Время любить, стр. 103

– Спасибо, друг, утешил, – криво усмехнулся Абросимов.

– А чего ты от меня ждешь?

– А ты лично, Вадим Казаков, что ты получил? Тебя стали больше издавать, о тебе пишут, печатают в журналах?

– Если бы меня только это волновало, то грош цена была бы всем моим книгам. Я льщу себя надеждой, что меня потому читают, что я всегда говорил правду, даже тогда, когда она некоторым глаза колола…

– Ты прав, – прикрыл глаза светлыми ресницами Павел Дмитриевич. – Тем, кто не может перестроиться, – слово-то какое простое, а ведь за ним черт знает что стоит! – тем нужно уходить. Нет, это далеко не каждому под силу.

– Я вот о чем подумал: кто Рашидова писателем сделал? Его, слава богу, разоблачили, а те, кто прославлял его в печати, писал о нем монографии, называл классиком советской литературы, – те остались в стороне… Вроде бы они и ни при чем.

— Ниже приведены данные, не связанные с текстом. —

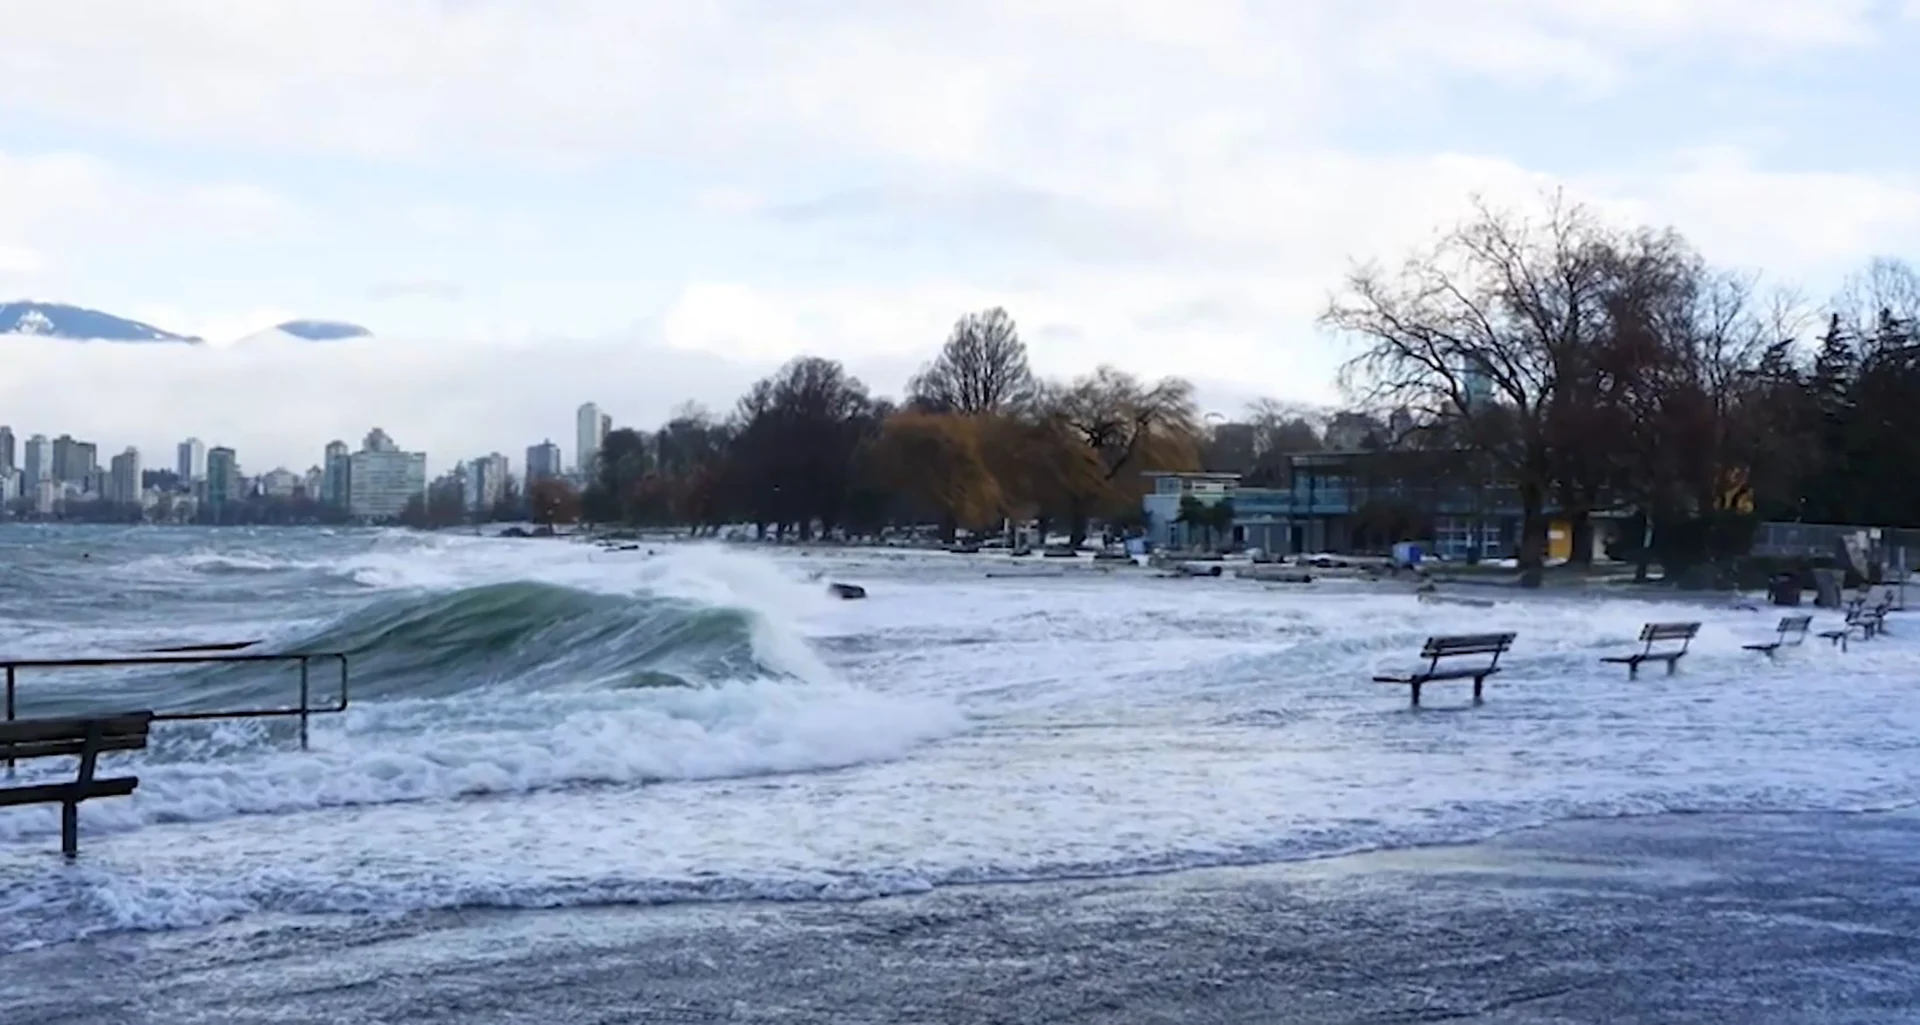 The fight to save Vancouver’s disappearing beaches
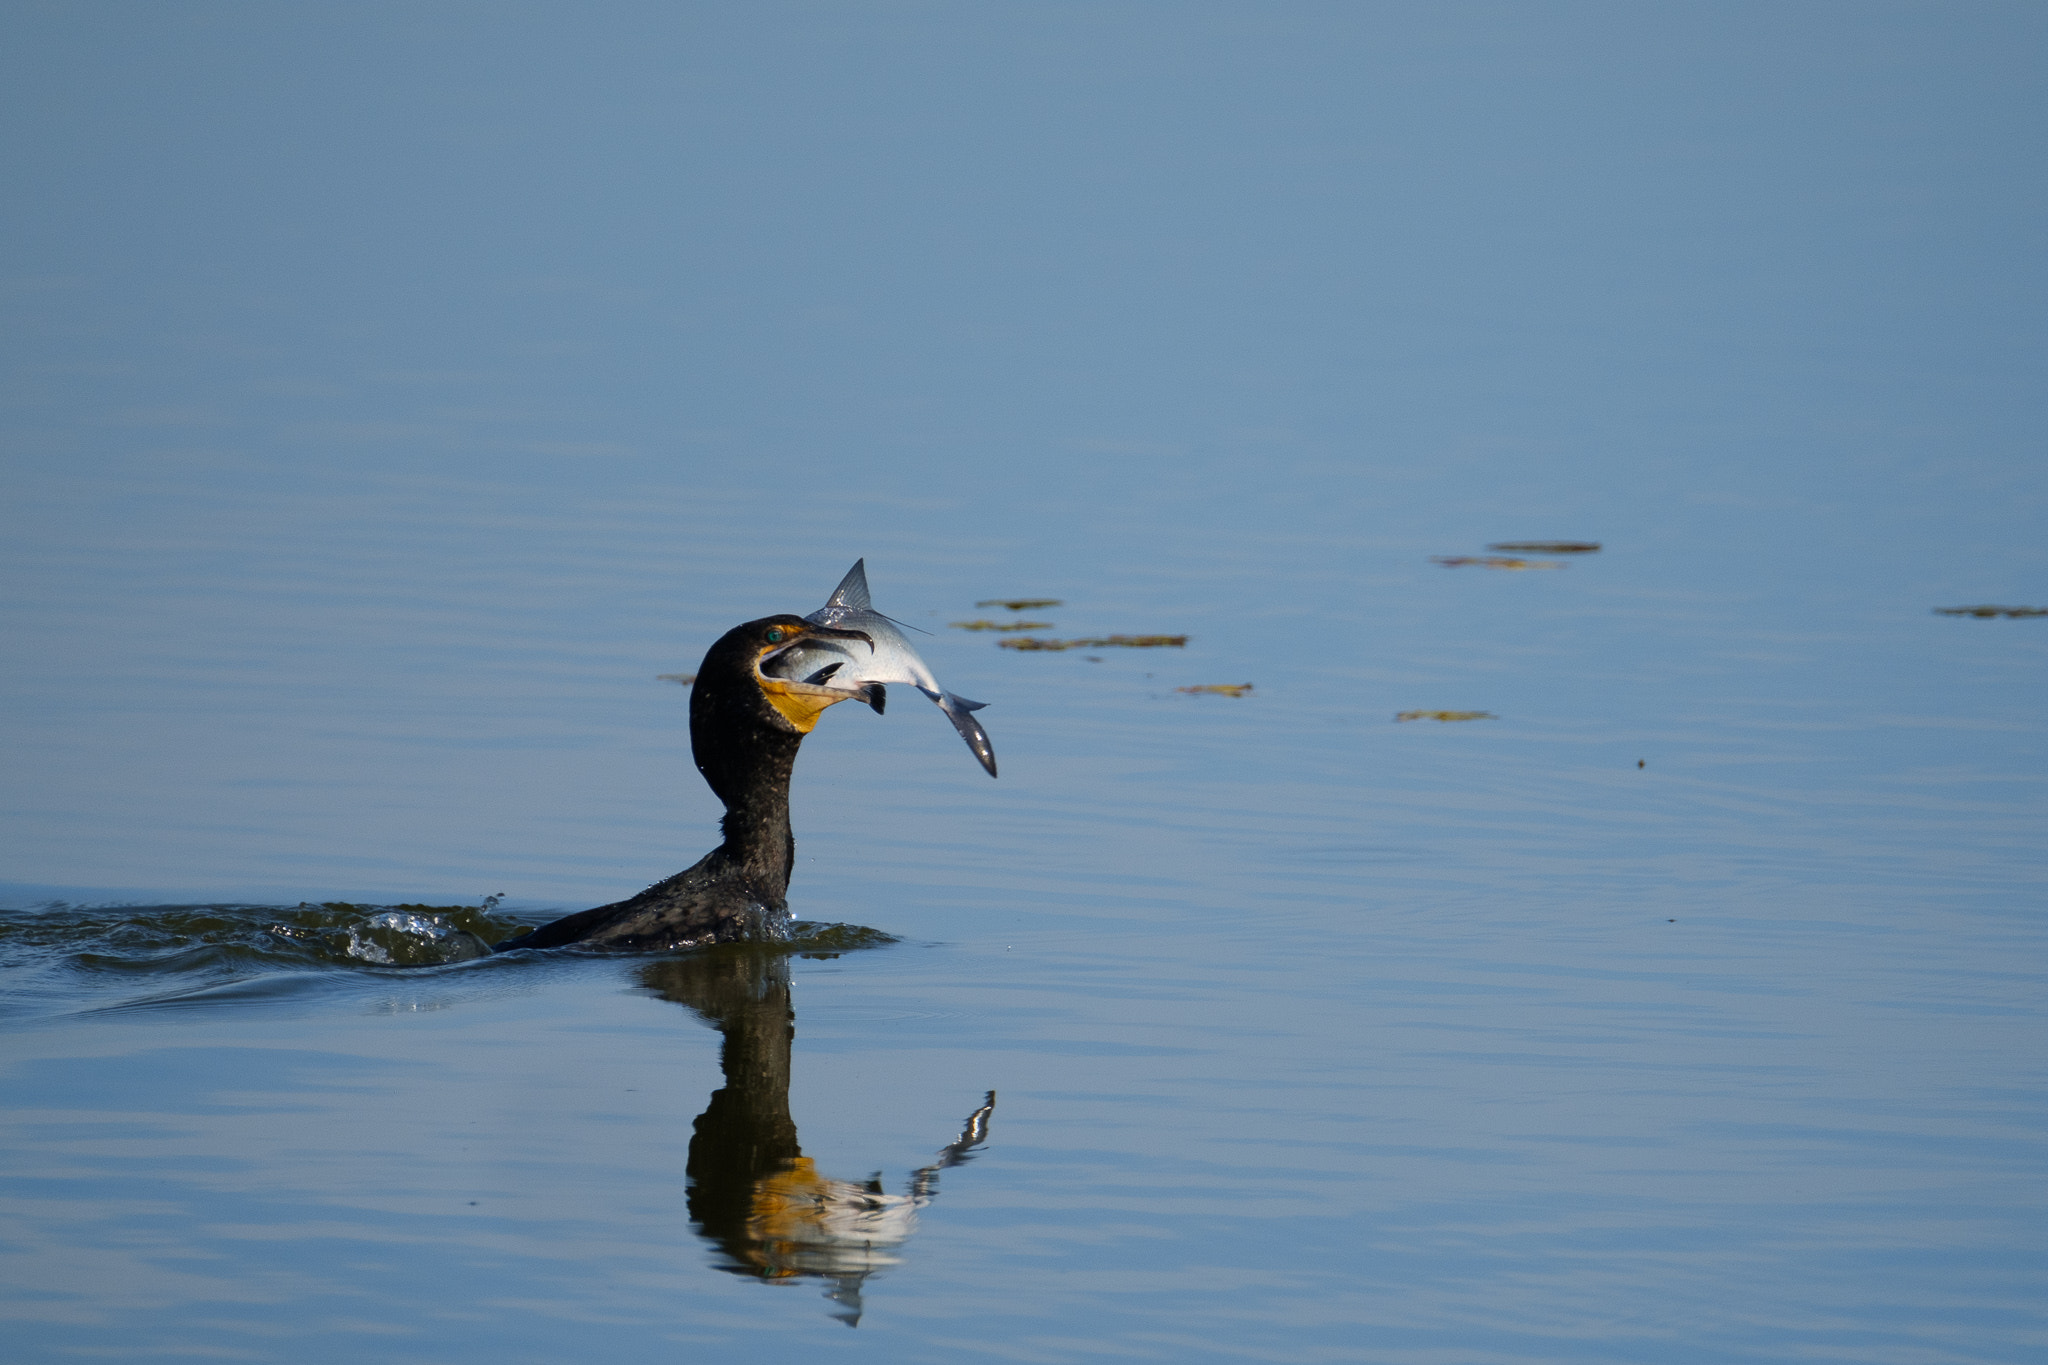 Fujifilm X-T2 + XF100-400mmF4.5-5.6 R LM OIS WR + 1.4x sample photo. Double-crested cormorant photography

– Надеюсь, ты понимаешь, что я ни в каких махинациях не замешан? – посмотрел в глаза другу Павел Дмитриевич. – До этого я еще не докатился. Правда, пытались некоторые подкупить, да я гнал их с подарками из кабинета в три шеи!

– Гнал из кабинета… – насмешливо повторил Вадим Федорович. – Их надо было гнать с работы! Из партии!

– Я о многом догадывался, Вадим, – произнес Павел Дмитриевич. – Но поверь, то, что сейчас становится известным, о чем пишут в газетах и журналах, для меня такое же откровение, как и для всех.

– Верю, – сказал Вадим Федорович. – Я пытался на собраниях говорить правду о злоупотреблениях в нашей сфере, так меня высмеяли… Они теперь за перестройку: ругают то, что раньше хвалили, изобретают новые идейки, заигрывают с молодыми писателями… А вот Алексей Стаканыч из издательства и теперь в своей редакции заявляет, что перестройка и все нововведения – это чепуха! Все должно быть как и раньше… А тех, кто критикует начальство, нужно так прижать, чтобы и другим было неповадно! Стаканычу-то в те времена жилось ой как сладко!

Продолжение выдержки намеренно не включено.